** Opening Given information block **

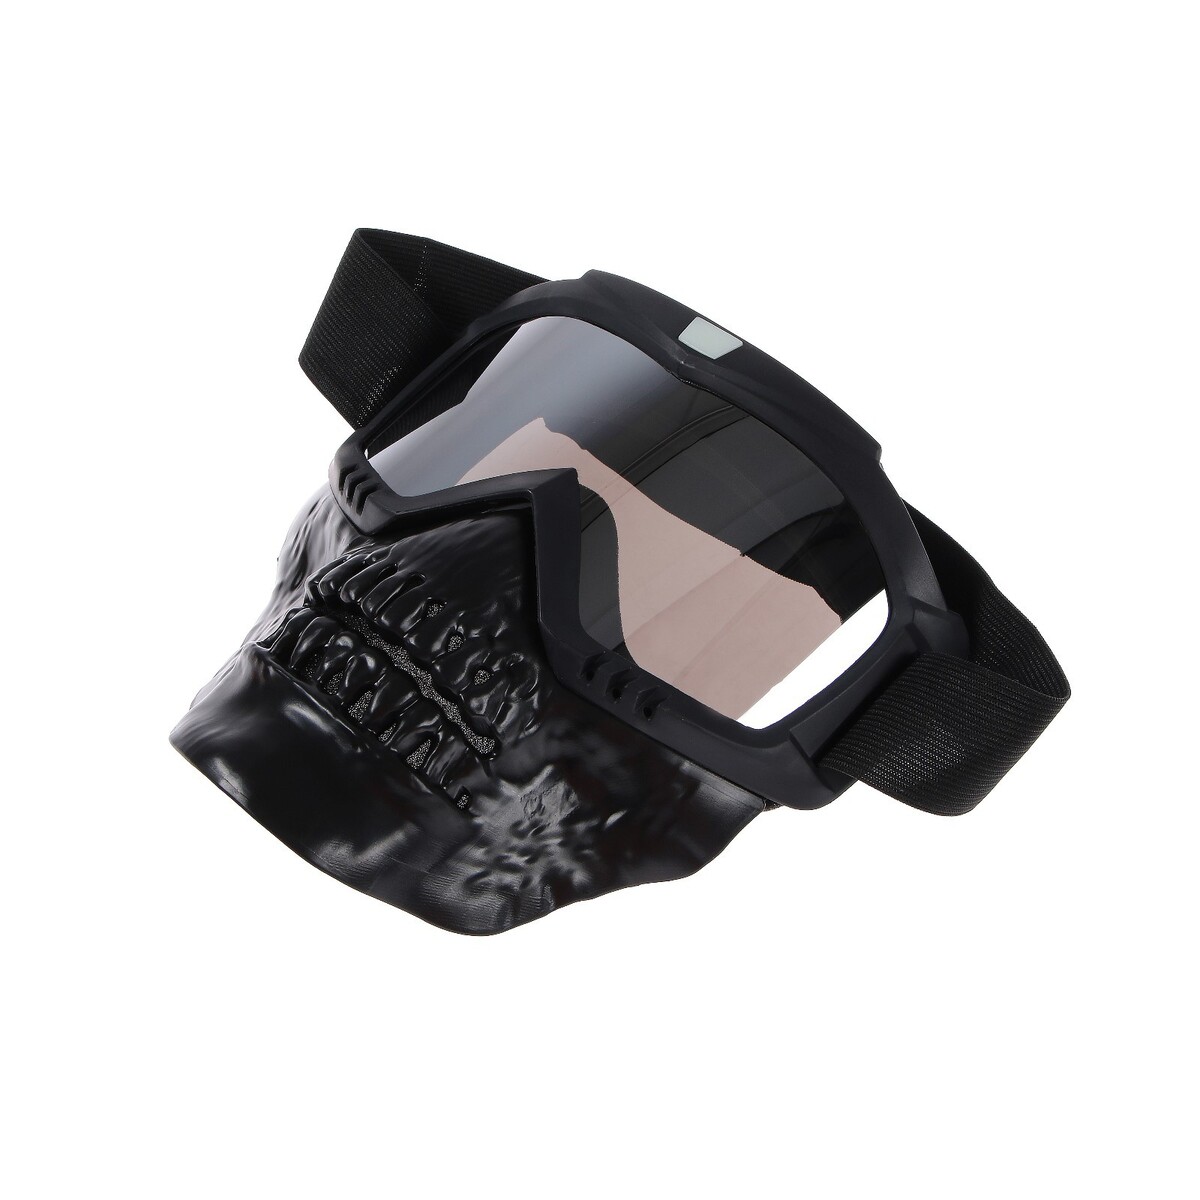 Очки-маска для езды на мототехнике, разборные, визор хром, цвет черный очки маска для езды на мототехнике разборные визор прозрачный
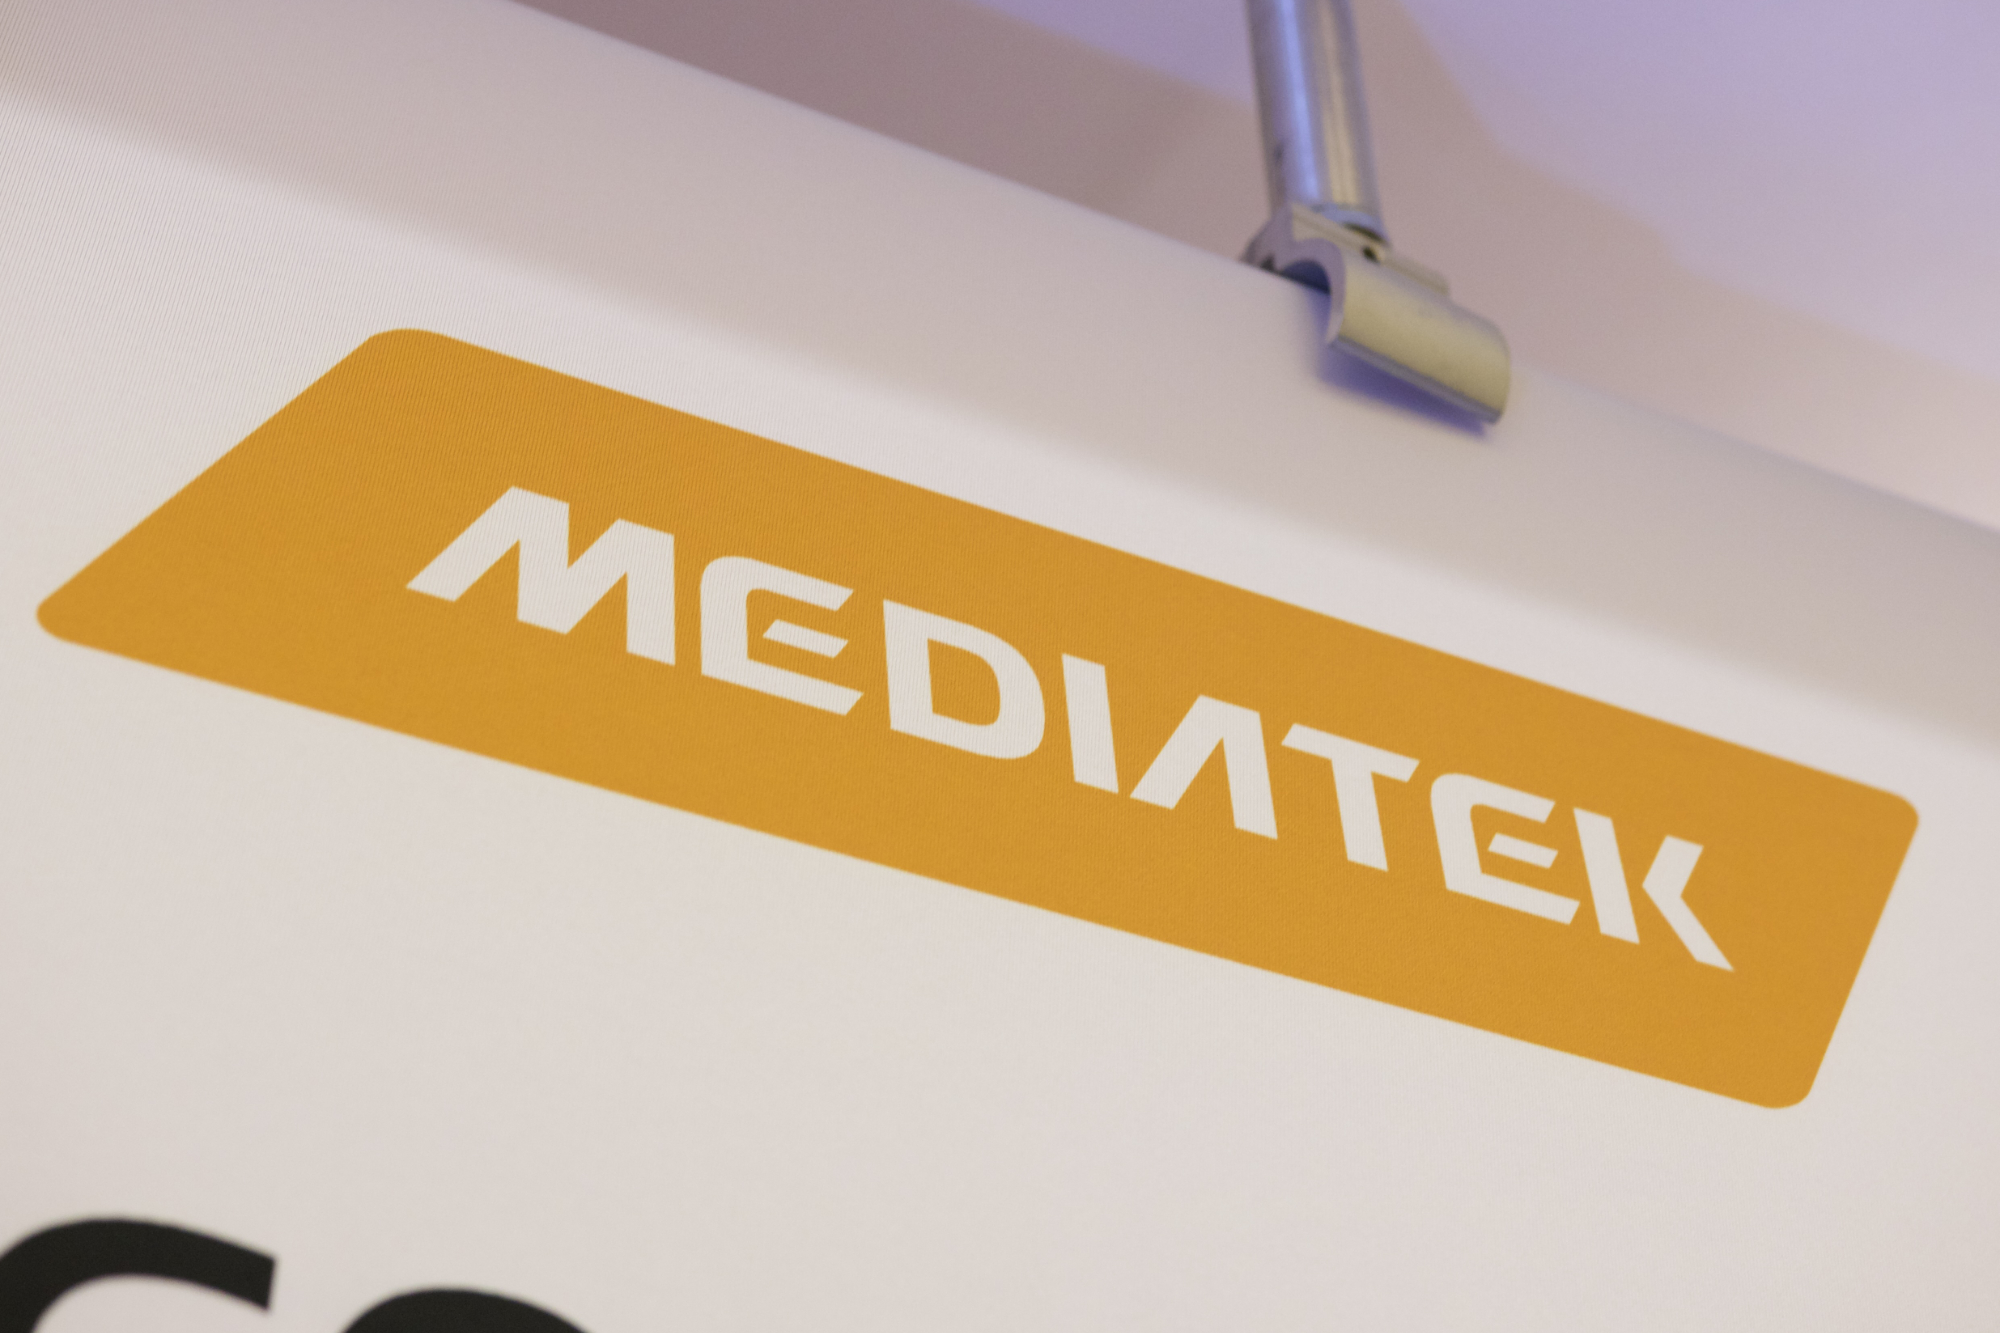 Pôster com logotipo da MediaTek em laranja.
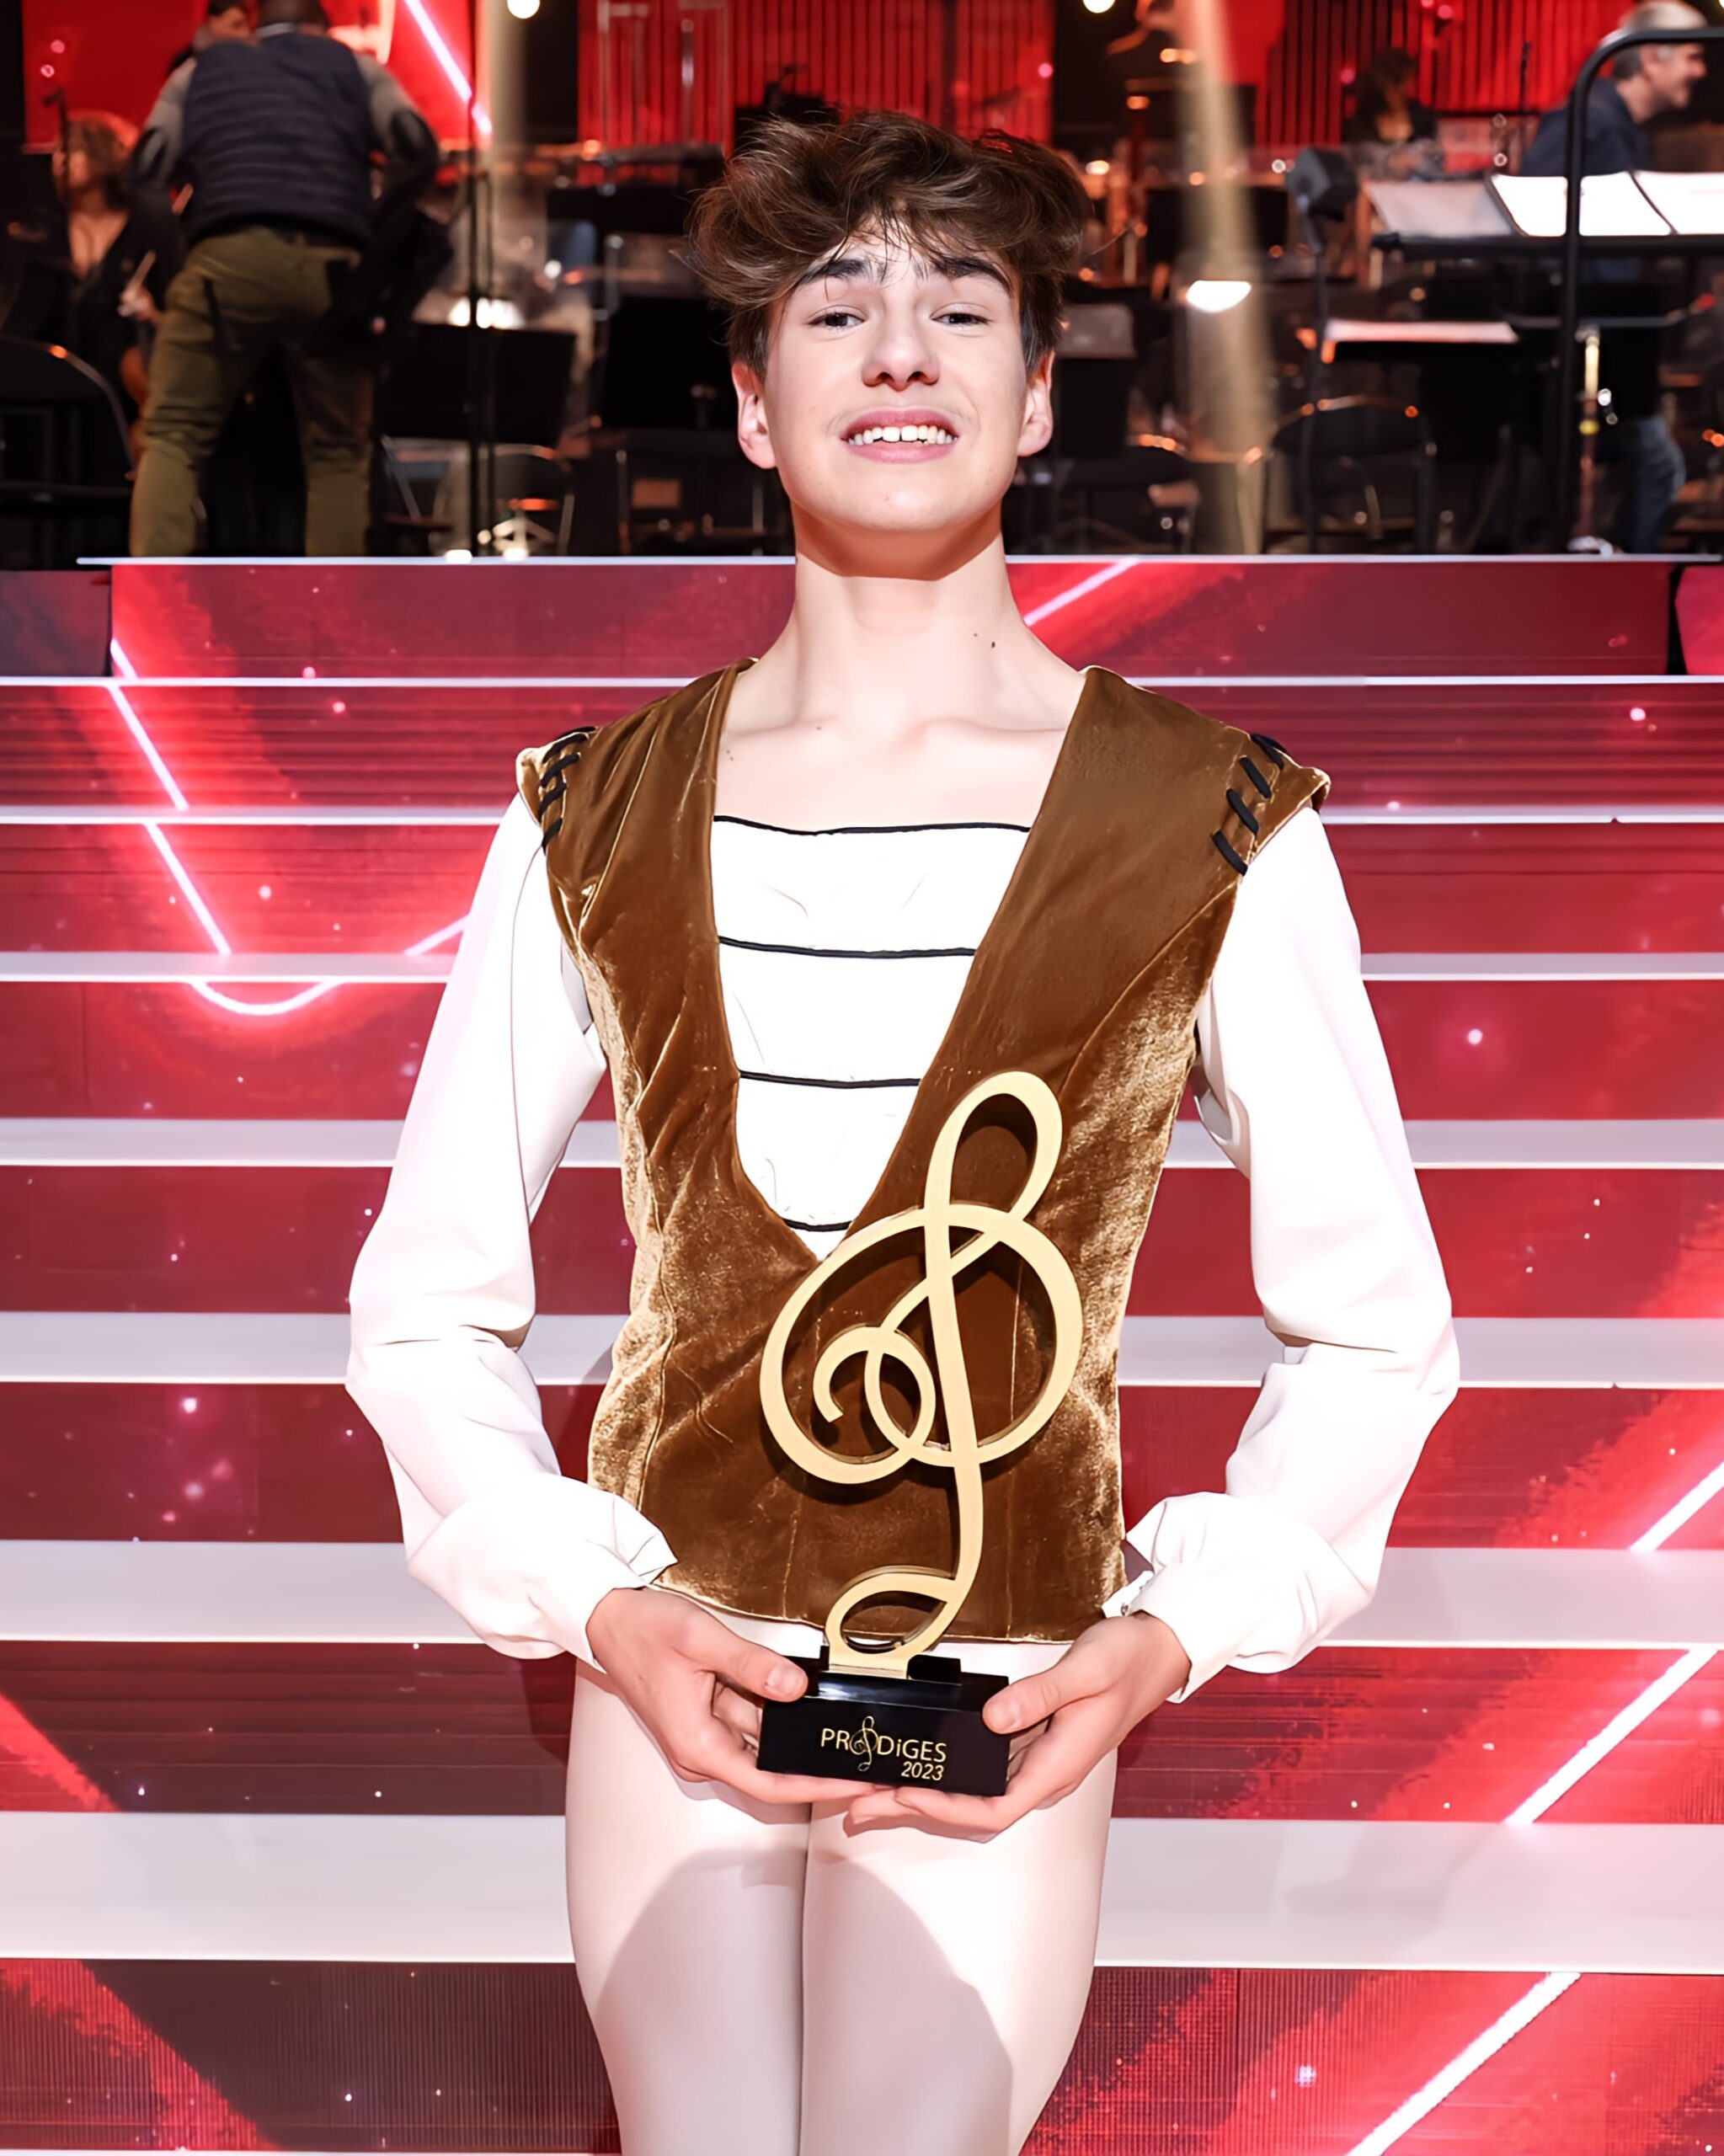 Prodiges : Le danseur Charlie (16 ans) remporte la victoire "Toutes catégories". - charlie prodiges 2 scaled

** Closing Given information block **

Exercise –
Please return the full listing exactly as given, with the images left out.

Solution to the problem –
 Очки-маска для езды на мототехнике, разборные, визор хром, цвет черный очки маска для езды на мототехнике разборные визор прозрачный
 Pôster com logotipo da MediaTek em laranja.
 Prodiges : Le danseur Charlie (16 ans) remporte la victoire "Toutes catégories". - charlie prodiges 2 scaled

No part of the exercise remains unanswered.